The Museum of Printing is a hidden gem in Haverhill, Massachusetts. It was established in 1978 to protect and preserve the history of graphic arts and mass communications. The museum has machines that played significant roles in the history of printing, two libraries and an art gallery. It may be a small museum and only open on Saturdays but it is a place you would not want to miss.
When I visited the Museum of Printing, I went on a guided tour by Frank Romano. He has worked for the museum in the field of printing for many years. He also once helped Steve Jobs come up with the fonts used for Apple Macintosh computers. Frank is quite an expert on the subject and teaches it at the Rochester Institute of Technology. I learned some information about the history of printing from him that I did not know beforehand. For instance, the first book printed in the United States was at Harvard University in the early 17th century (The Bay Psalm Book).

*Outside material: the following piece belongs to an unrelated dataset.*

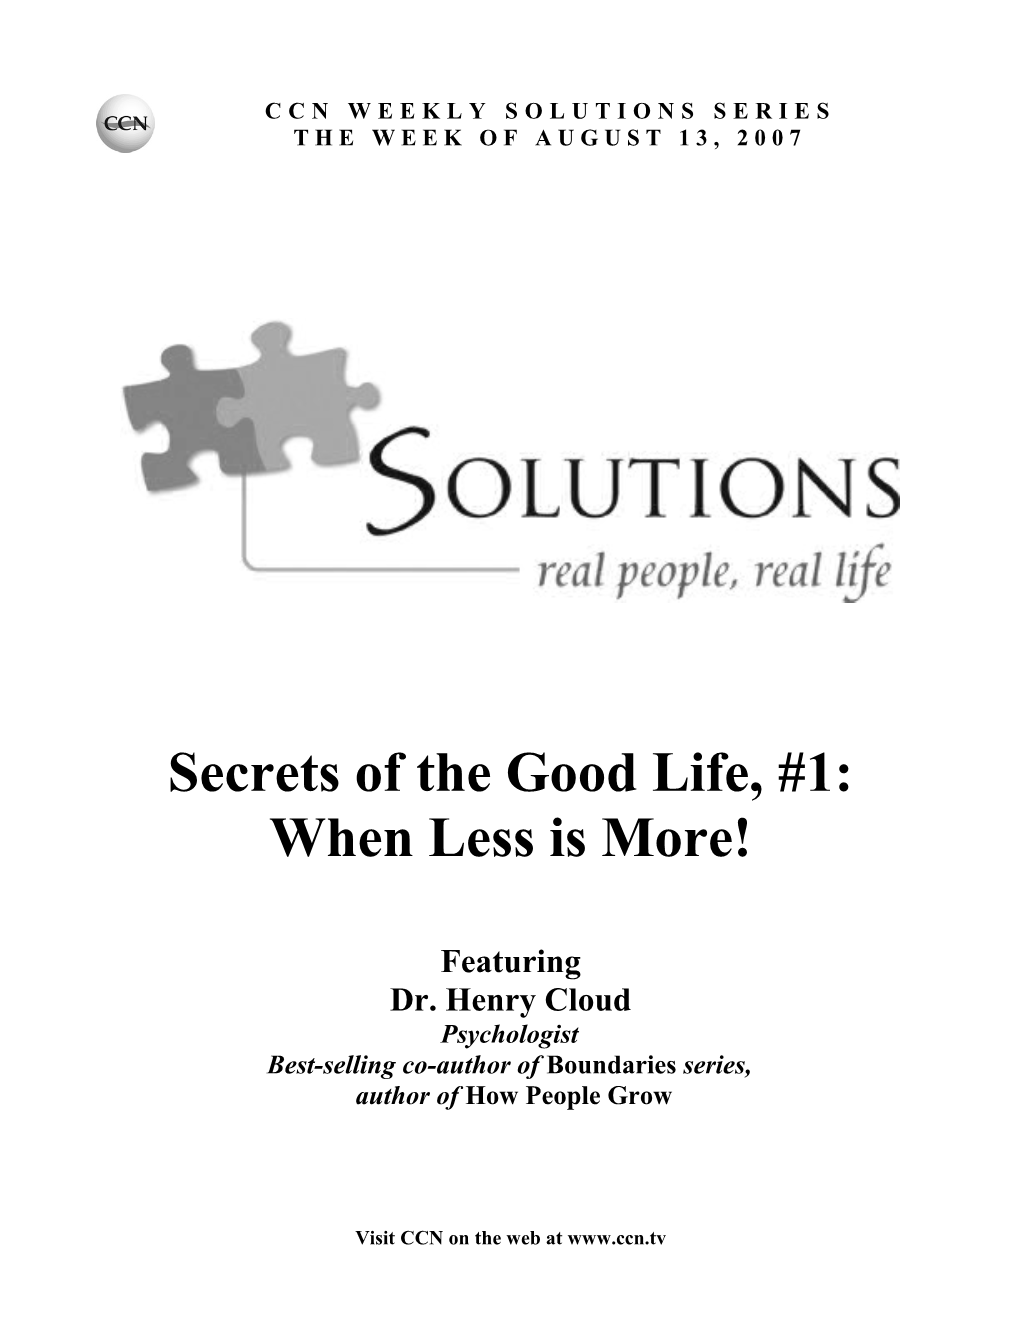 CCN Good Life 1: When Less Is More! Page 2
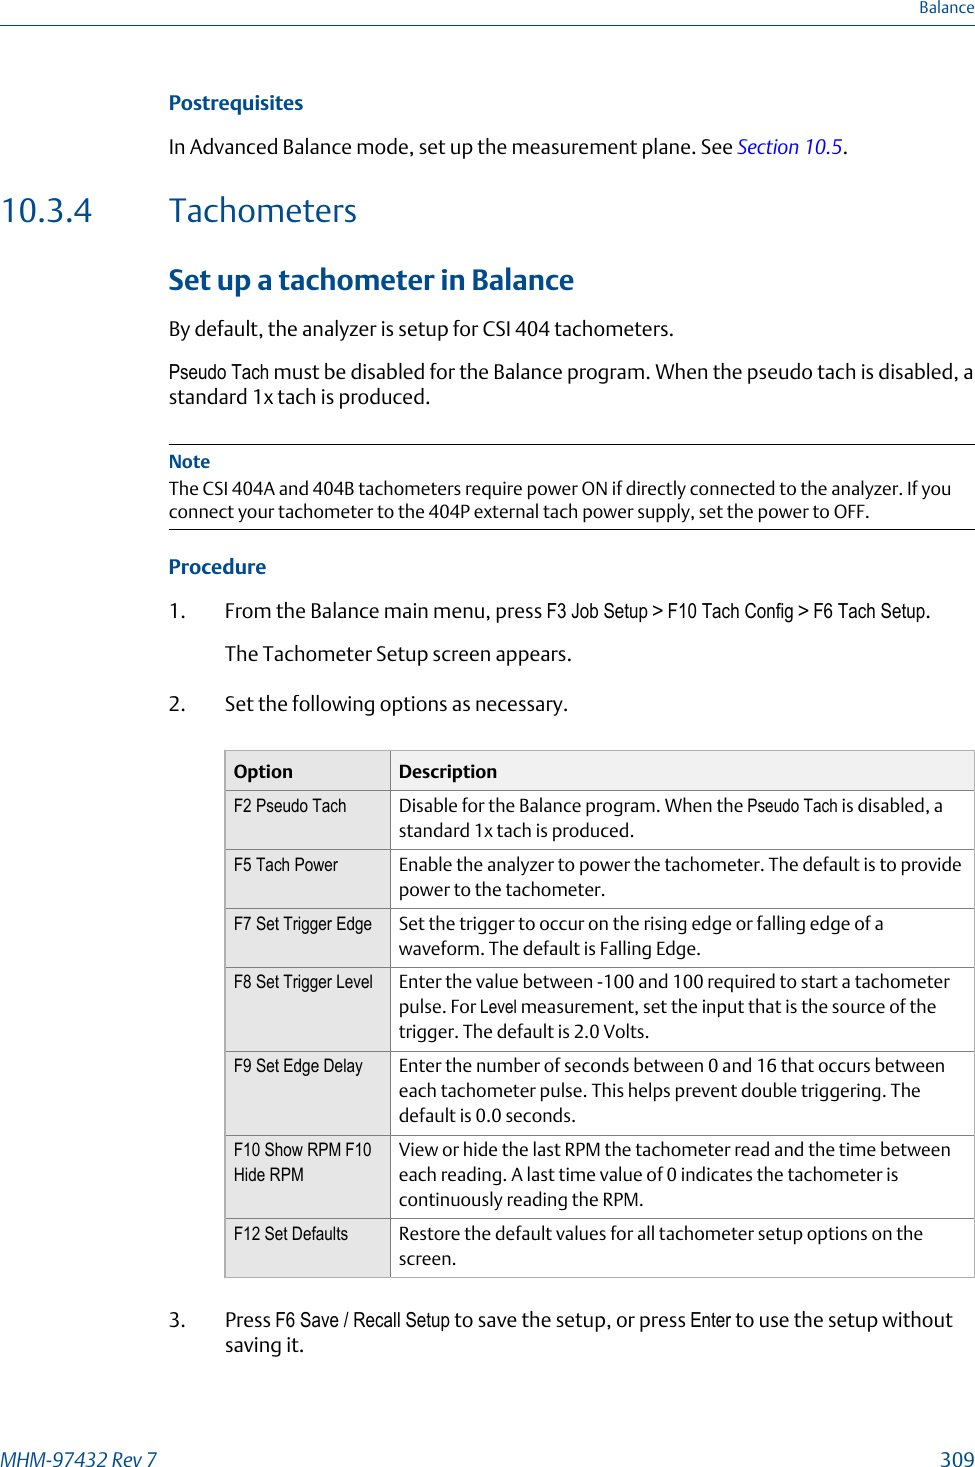 PostrequisitesIn Advanced Balance mode, set up the measurement plane. See Section 10.5.10.3.4 TachometersSet up a tachometer in BalanceBy default, the analyzer is setup for CSI 404 tachometers.Pseudo Tach must be disabled for the Balance program. When the pseudo tach is disabled, astandard 1x tach is produced.NoteThe CSI 404A and 404B tachometers require power ON if directly connected to the analyzer. If youconnect your tachometer to the 404P external tach power supply, set the power to OFF.Procedure1. From the Balance main menu, press F3 Job Setup &gt; F10 Tach Config &gt; F6 Tach Setup.The Tachometer Setup screen appears.2. Set the following options as necessary.Option DescriptionF2 Pseudo Tach Disable for the Balance program. When the Pseudo Tach is disabled, astandard 1x tach is produced.F5 Tach Power Enable the analyzer to power the tachometer. The default is to providepower to the tachometer.F7 Set Trigger Edge Set the trigger to occur on the rising edge or falling edge of awaveform. The default is Falling Edge.F8 Set Trigger Level Enter the value between -100 and 100 required to start a tachometerpulse. For Level measurement, set the input that is the source of thetrigger. The default is 2.0 Volts.F9 Set Edge Delay Enter the number of seconds between 0 and 16 that occurs betweeneach tachometer pulse. This helps prevent double triggering. Thedefault is 0.0 seconds.F10 Show RPM F10Hide RPMView or hide the last RPM the tachometer read and the time betweeneach reading. A last time value of 0 indicates the tachometer iscontinuously reading the RPM.F12 Set Defaults Restore the default values for all tachometer setup options on thescreen.3. Press F6 Save / Recall Setup to save the setup, or press Enter to use the setup withoutsaving it.BalanceMHM-97432 Rev 7  309

Frank also showed me the museum’s library, which has 6,000 books about printing, graphics, and the visual arts! Although people are free to check out the books, he had them digitized so that people can easily access them on the computer. If you happen to visit the museum, I highly recommend you meet Frank. He would tell you all there is to know about the history of printing and graphics.
The museum has exhibits showing printing devices from the past. There were printing presses, newspaper cylinders, typewriters, and computers. Frank allowed me to use the Columbian Press from 1813 and one of the typewriters. While using the typewriter, I made sure to type on the paper that ‘Daniel Phillips was here!’ There were also the original printing cylinder for the ‘Men Walk on Moon’ New York Times article from July 21, 1969 and first editions of various Apple products like the computer, the PowerBook, the iPod, the iPhone and the iPad. I felt nostalgic checking out the flip phones, cassette tapes, and floppy discs.
It was fascinating seeing the Chromagraph DC-300 Drum Color Scanner from 1965 because it is much larger than the scanners are nowadays. At home, I could just scan things on my printer. I also saw the art gallery, which shows beautiful wood engravings made by the late artist, Anna Hogan. The gift shop even sells prints of her artwork. In the museum’s typography library, its pictures detail the inventions of the various printing methods, such as ancient Egyptian papyrus spurs writing and communication, ancient Chinese woodblock printing, and the medieval Gutenberg press. It is quite intriguing to know how they both have evolved over the centuries. Who knows what the printing industry will be like in the future? Only time will tell.